■ **EXERCISE INPUT**

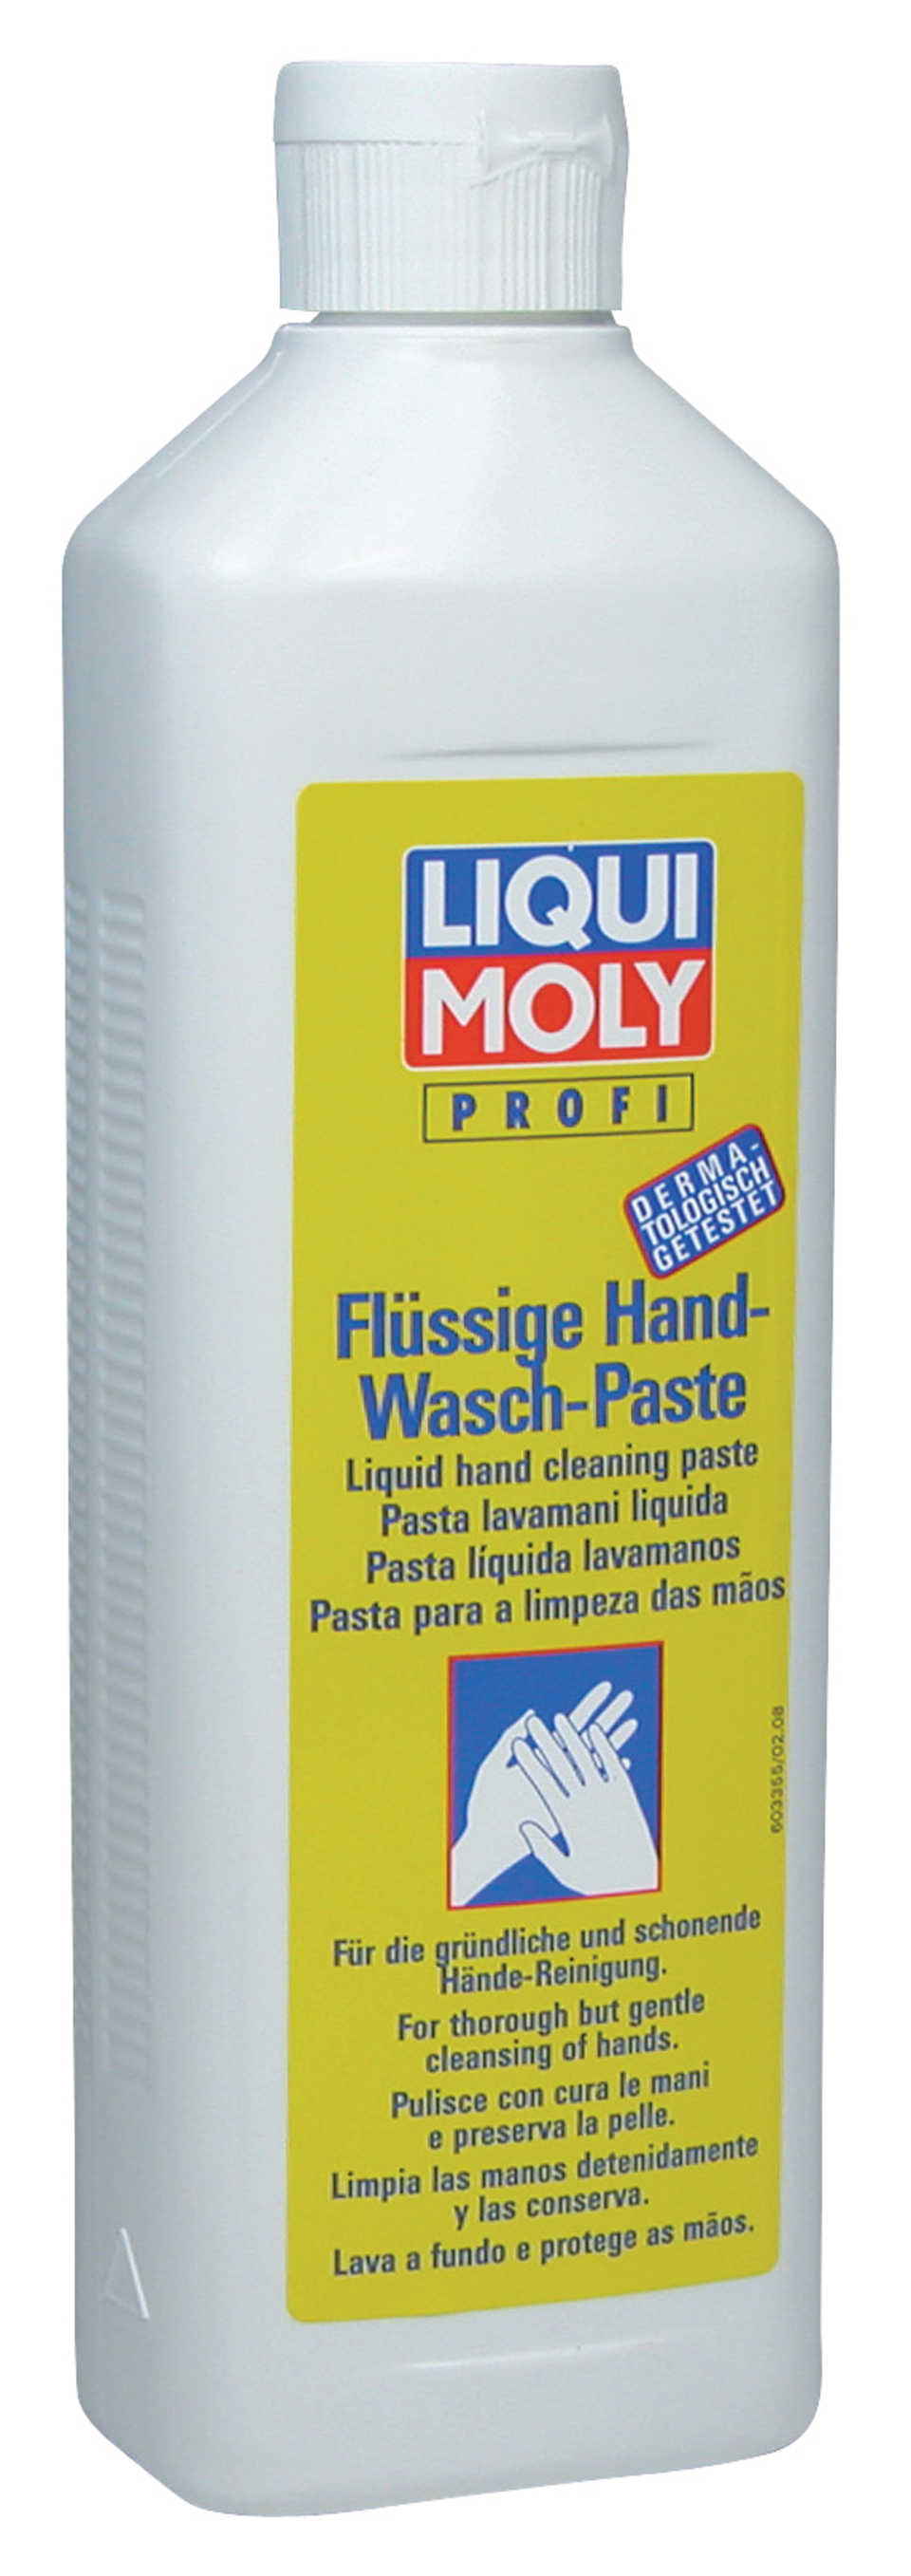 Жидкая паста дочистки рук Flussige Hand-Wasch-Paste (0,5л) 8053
==
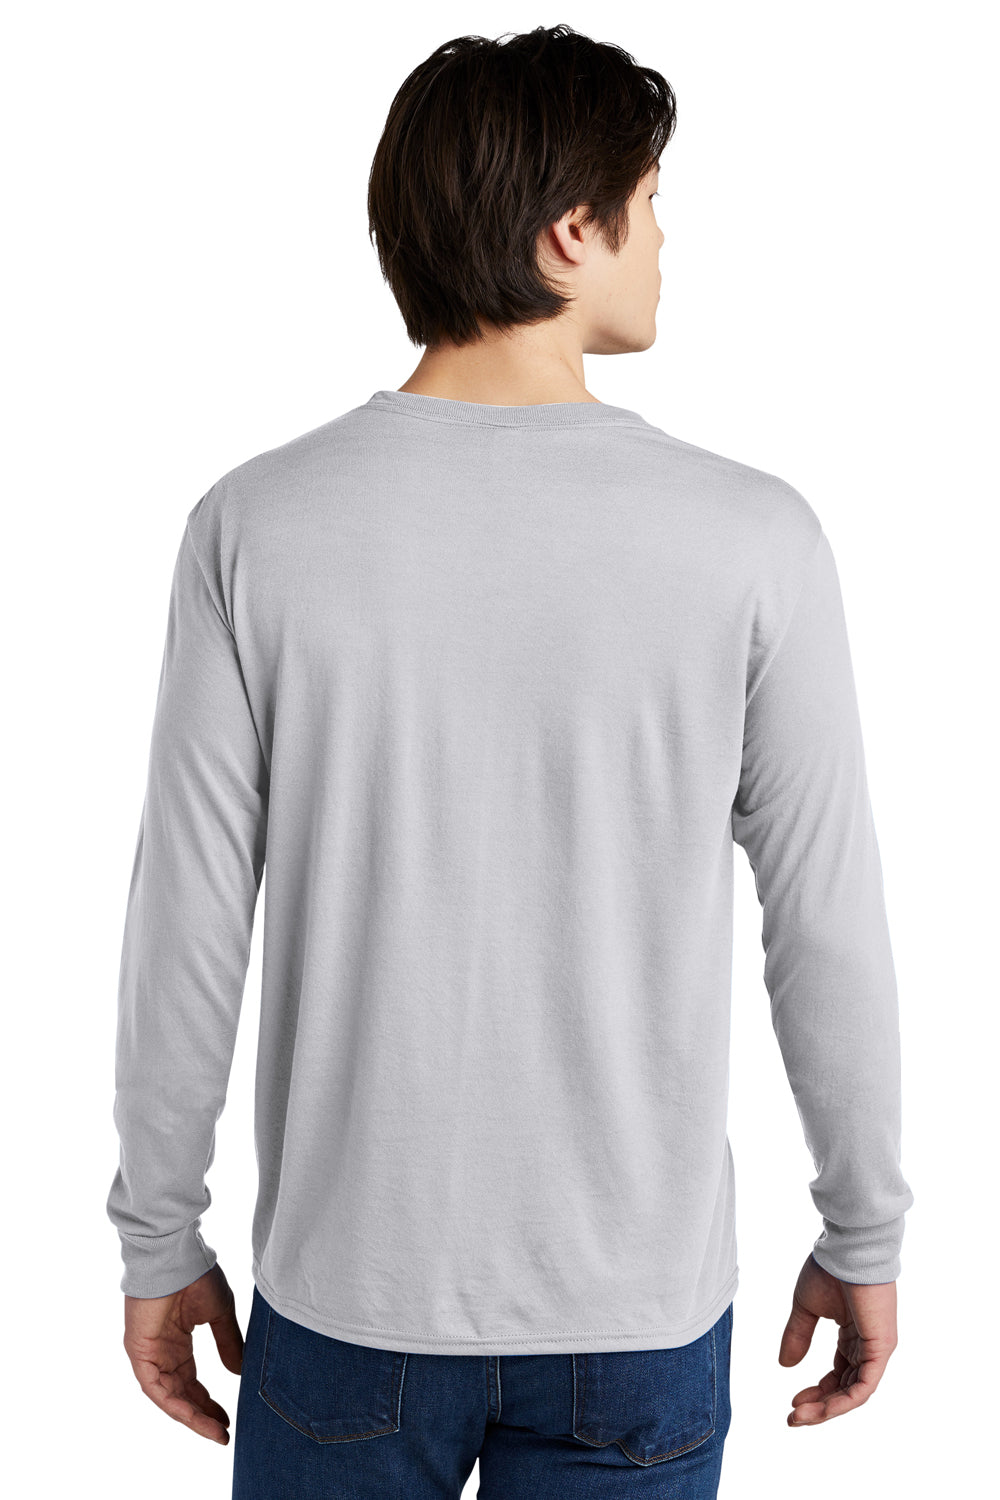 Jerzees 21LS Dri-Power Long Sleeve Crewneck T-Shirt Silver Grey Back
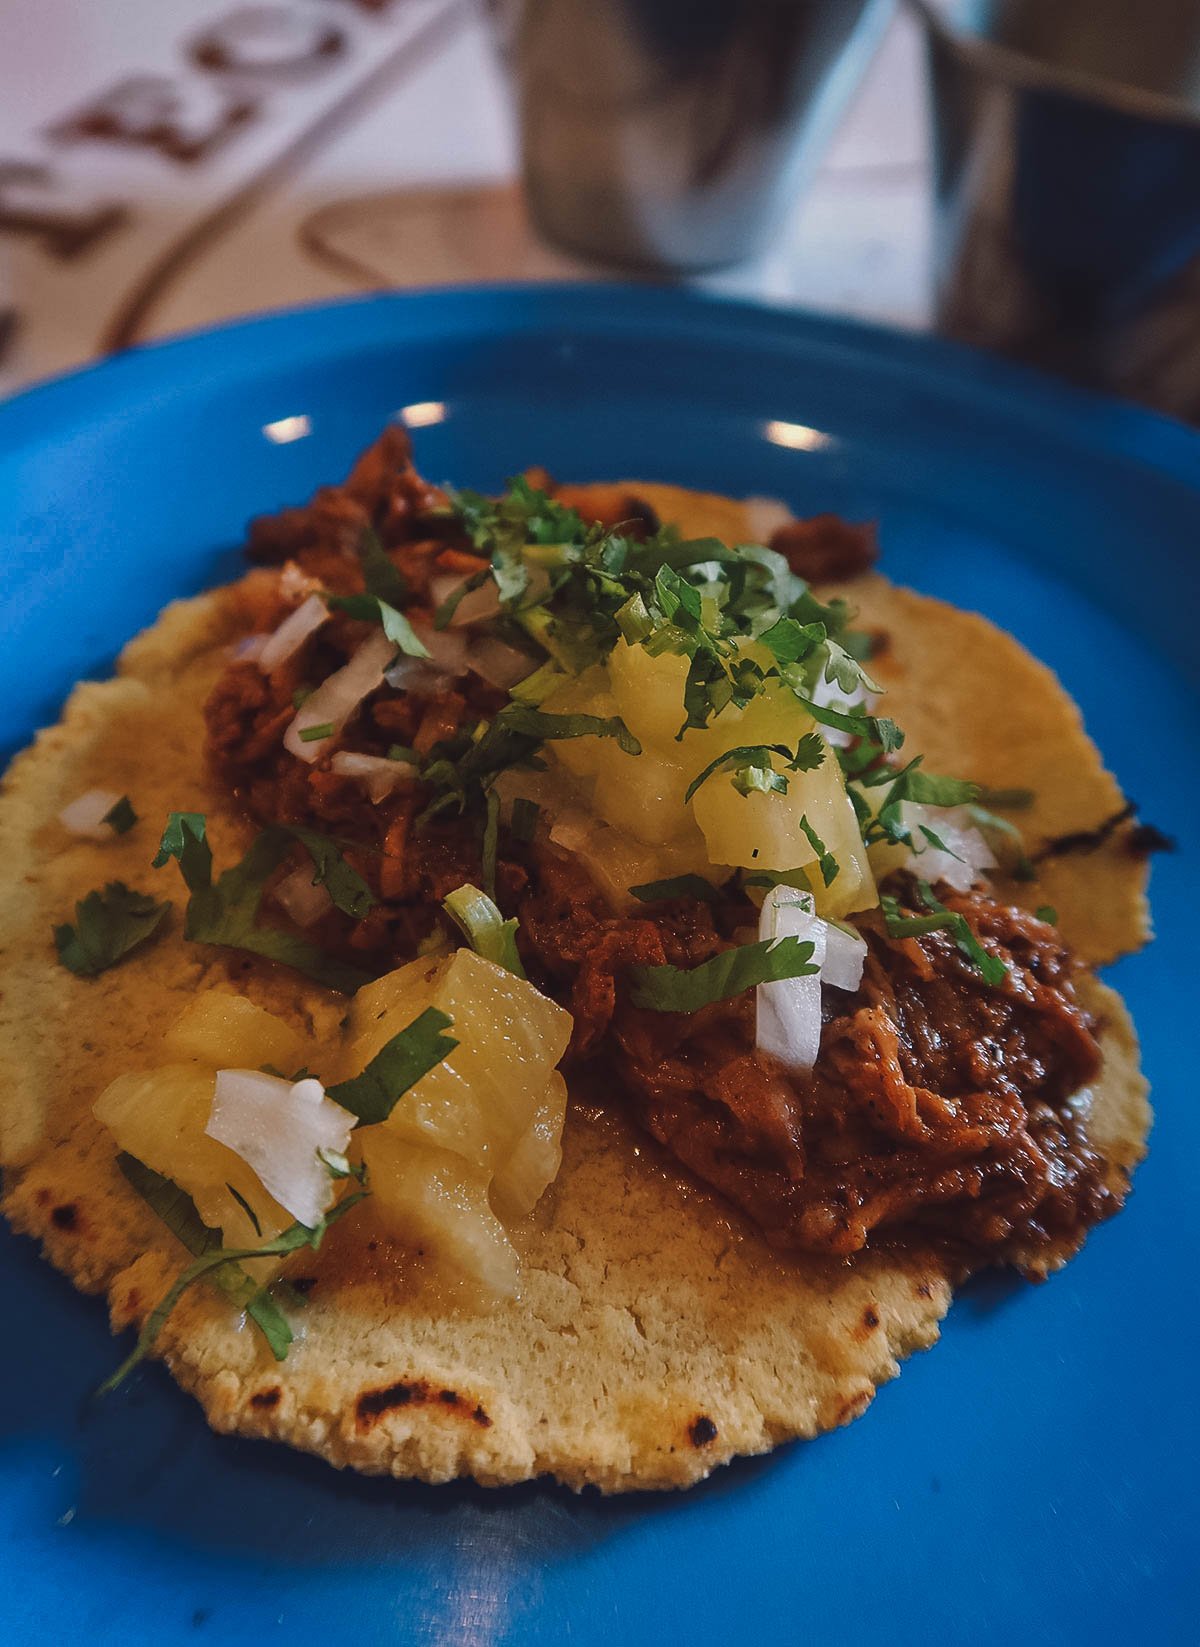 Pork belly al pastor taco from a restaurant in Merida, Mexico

■ **DIRECTIONS FOR THIS TASK**
For this exercise, reproduce exactly the lines of the records above from the one with "Jerzees 21LS Dri-Power" up to and including the one with "Pork belly al", without pictures.

■ **ANSWER FOR THIS EXERCISE**
 Jerzees 21LS Dri-Power Long Sleeve Crewneck T-Shirt Silver Grey Back
 Pork belly al pastor taco from a restaurant in Merida, Mexico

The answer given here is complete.